I actually tried to check for myself, but found it impossible because the probability was too small.
I just wanted a clear answer.

var minValue = 0.0
var maxValue = 0.0
for i in 1...Int.max {
    let randomValue = Double.random(in: -1...1)
    minValue = min(minValue, randomValue)
    maxValue = max(maxValue, randomValue)

    if i.isMultiple(of: 1_000_000) {
        print("min, max:", minValue, maxValue)
    }
}

CodePudding user response：

We can see that the answer is "yes" by reading the documentation of random(in:), ClosedRange, and also ClosedRange.contains.

random(in: range) is said to return:

A random value within the bounds of range.

Well, are -1 and 1 "within the bounds of" -1...1? The docs of ClosedRange says "yes":

You create a ClosedRange instance by using the closed range operator (...).

let throughFive = 0...5

A ClosedRange instance contains both its lower bound and its upper bound.

throughFive.contains(3)
// true
throughFive.contains(10)
// false
throughFive.contains(5)
// true

See also the discussion in ClosedRange.contains:

A ClosedRange instance contains both its lower and upper bound. element is contained in the range if it is between the two bounds or equal to either bound.

So theoretically, Double.random(in: -1...1) does have a (very small) chance of returning the bounds of the range, -1 or 1, as they are "within the range".

You can show that the bounds of the range can indeed be returned by random by creating a range such as 1...1 - there is only one element to return!

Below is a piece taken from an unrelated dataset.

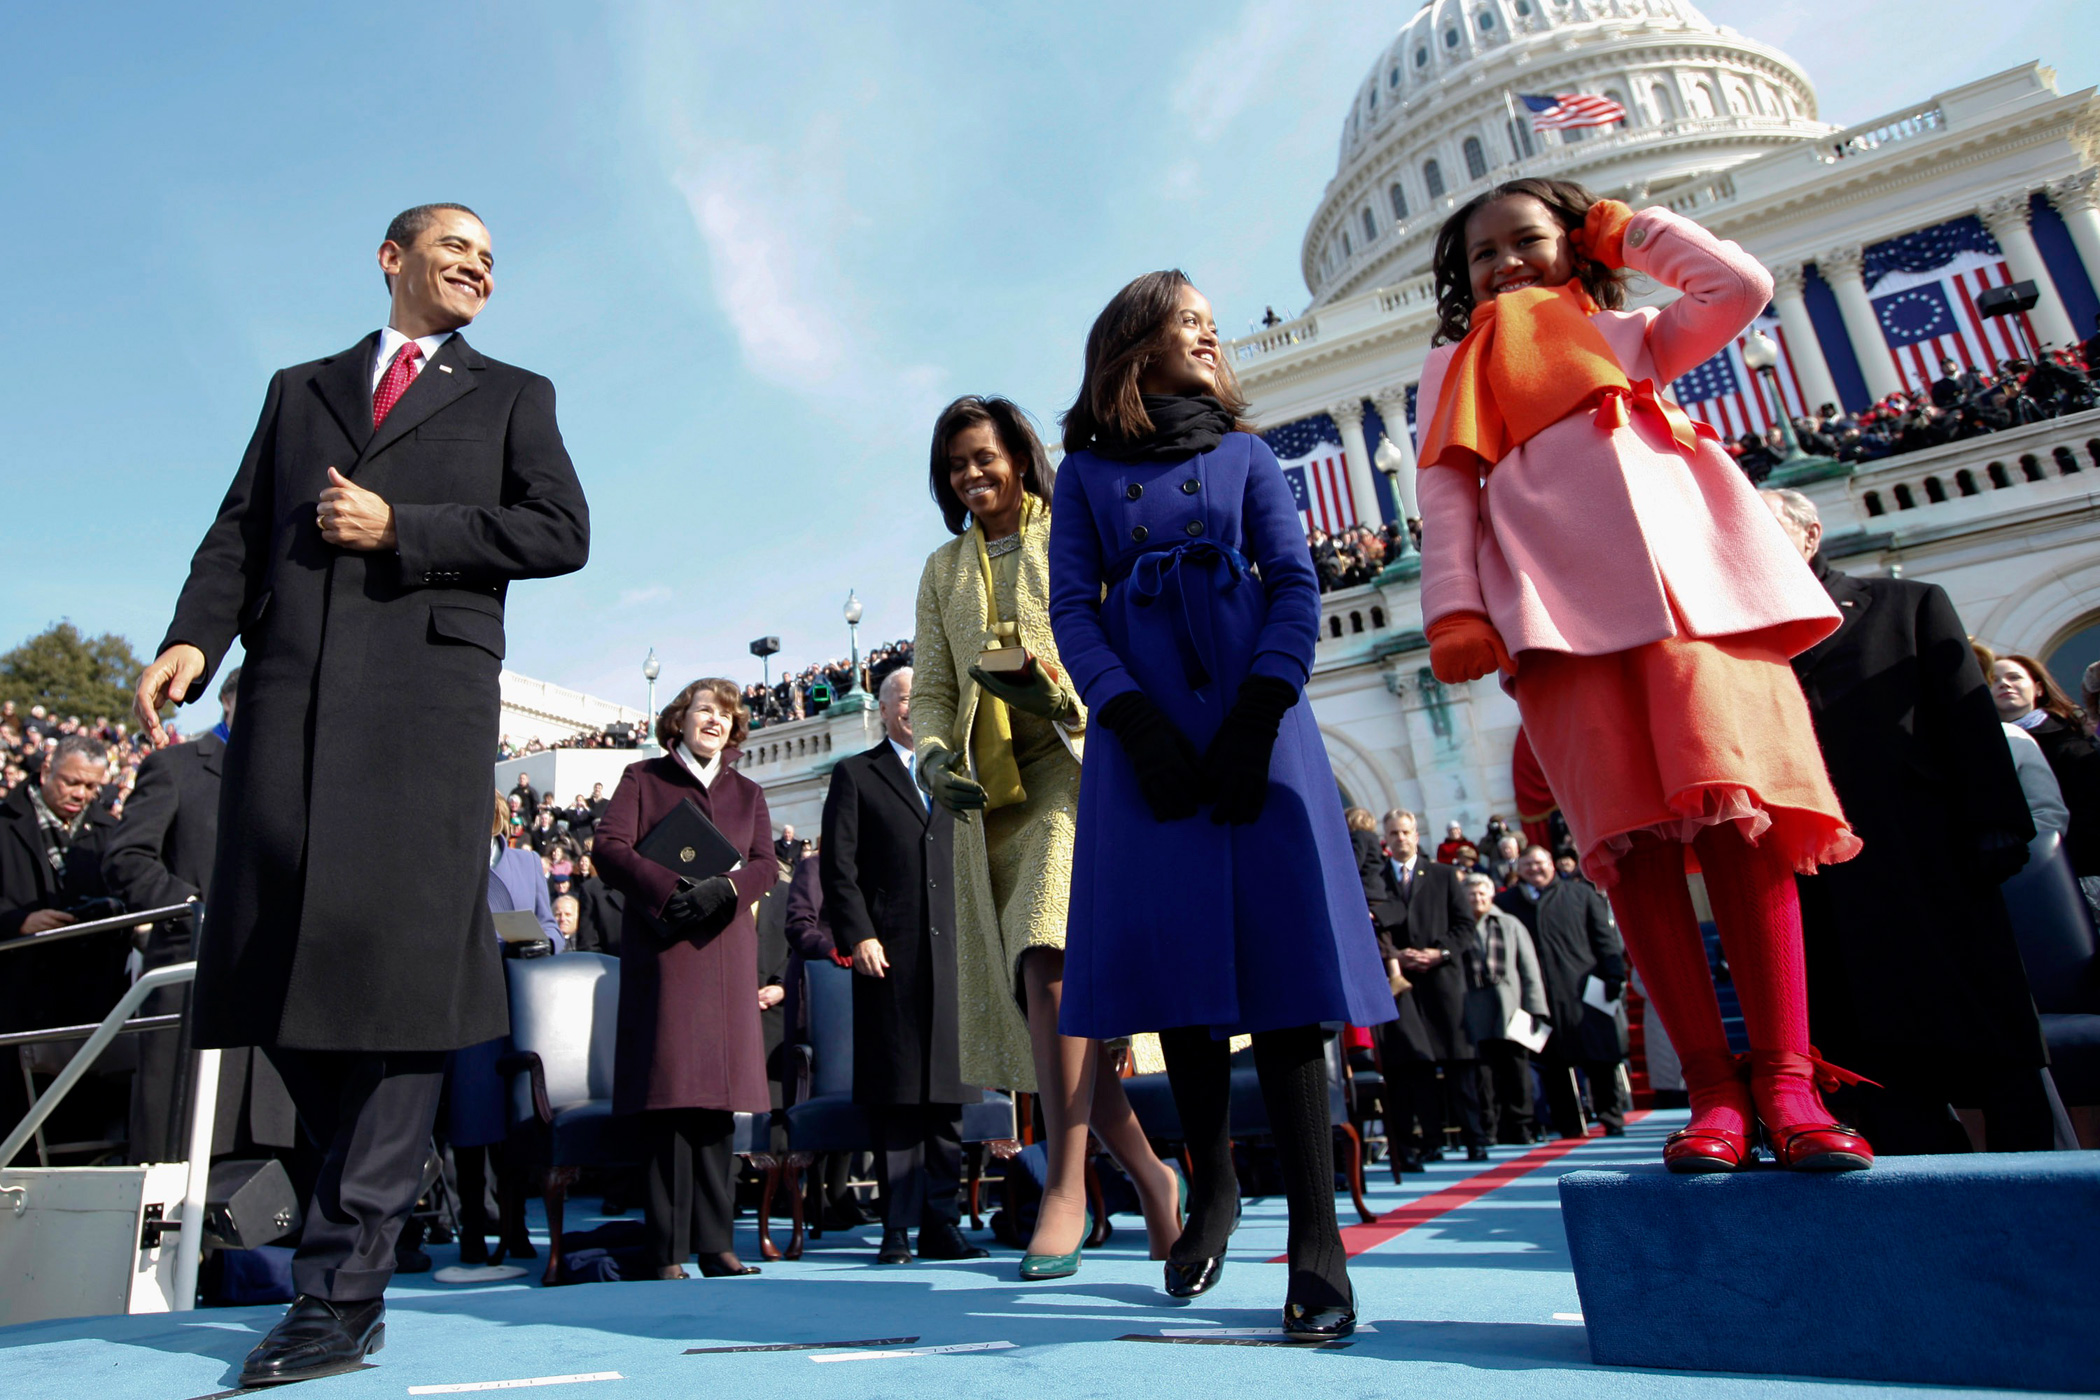 Malia Obama is graduating from the private Sidwell Friends School on Friday, growing up in the public eye of the White House. Jan. 20, 2009 Then President-elect Barack Obama, his wife Michelle and daughters Sasha, right and Malia, on the podium moments before Obama was sworn in as the 44th president at the U.S. Capitol in Washington. Malia, 10, wore a double-breasted periwinkle-blue coat with a blue-ribbon bow at the waist from Crewcuts by J. Crew.
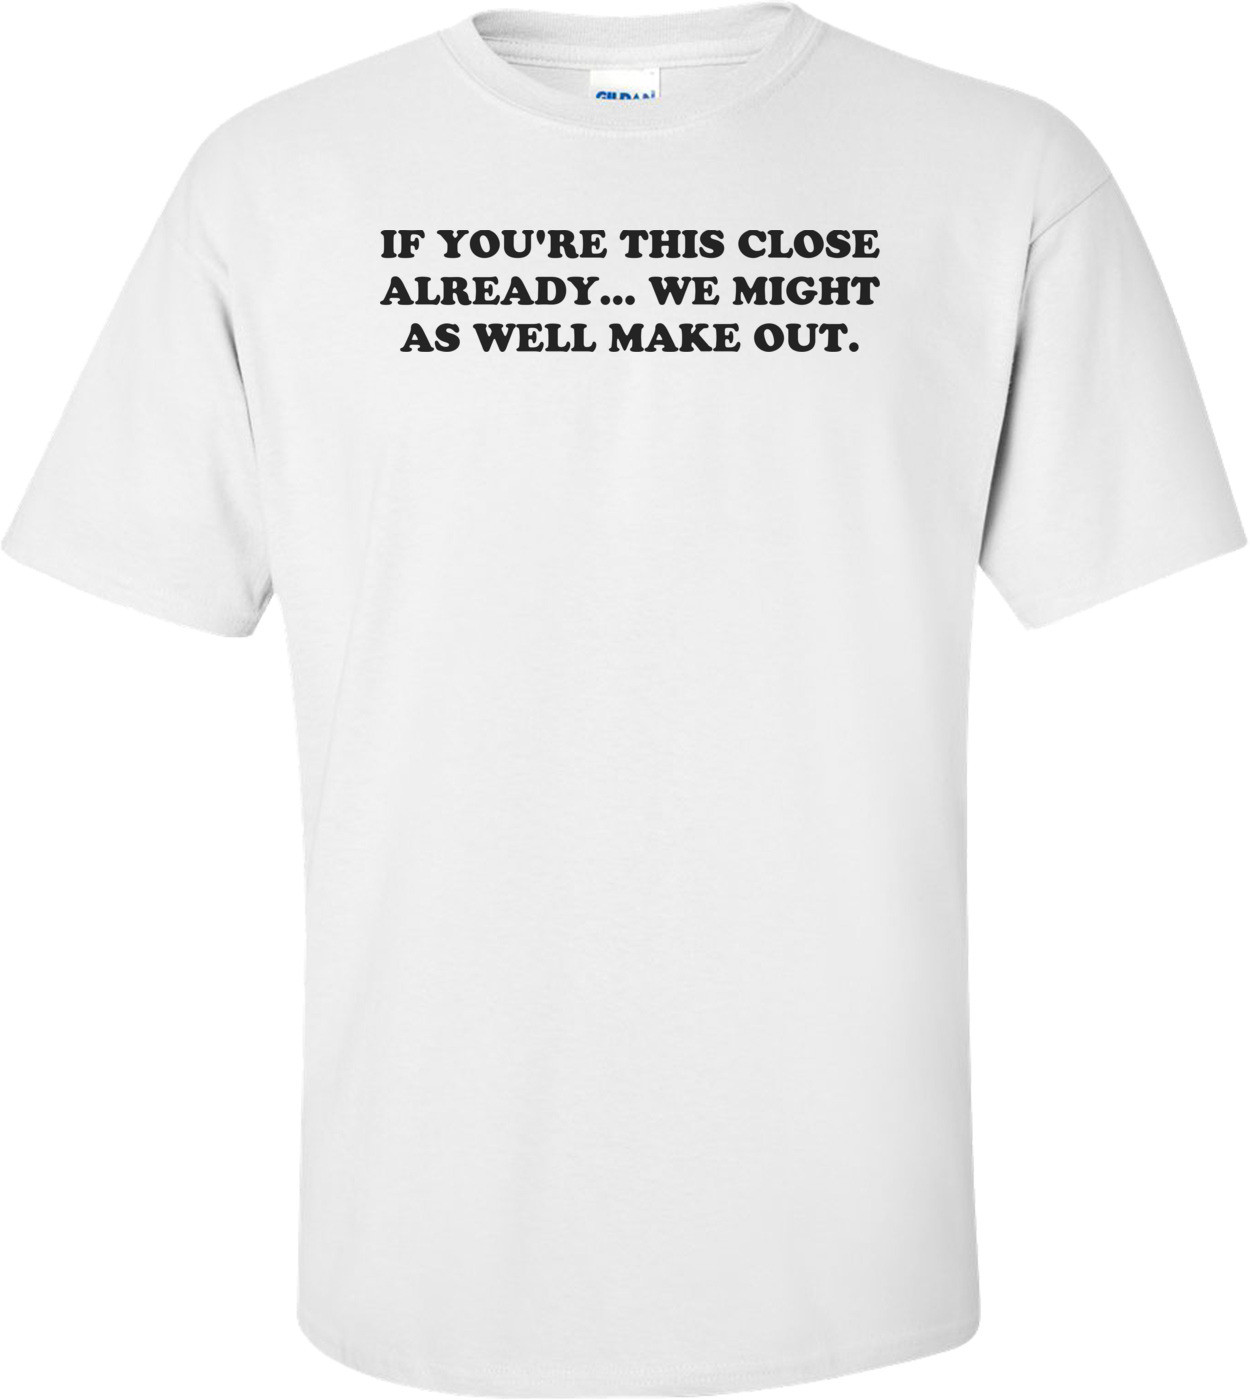 IF YOU'RE THIS CLOSE ALREADY... WE MIGHT AS WELL MAKE OUT. Shirt

Double.random(in: 1...1) // will always return 1, which is the bound

CodePudding user response：

Not really an answer but here is a more efficient way to check if the bound (upper in this case) is ever reached

var randomValue = -1.0
for i in 1...Int.max {
    randomValue = Double.random(in: randomValue...1)
    print(randomValue)
    if randomValue == 1 {
        print("limit reached")
        break
    }
}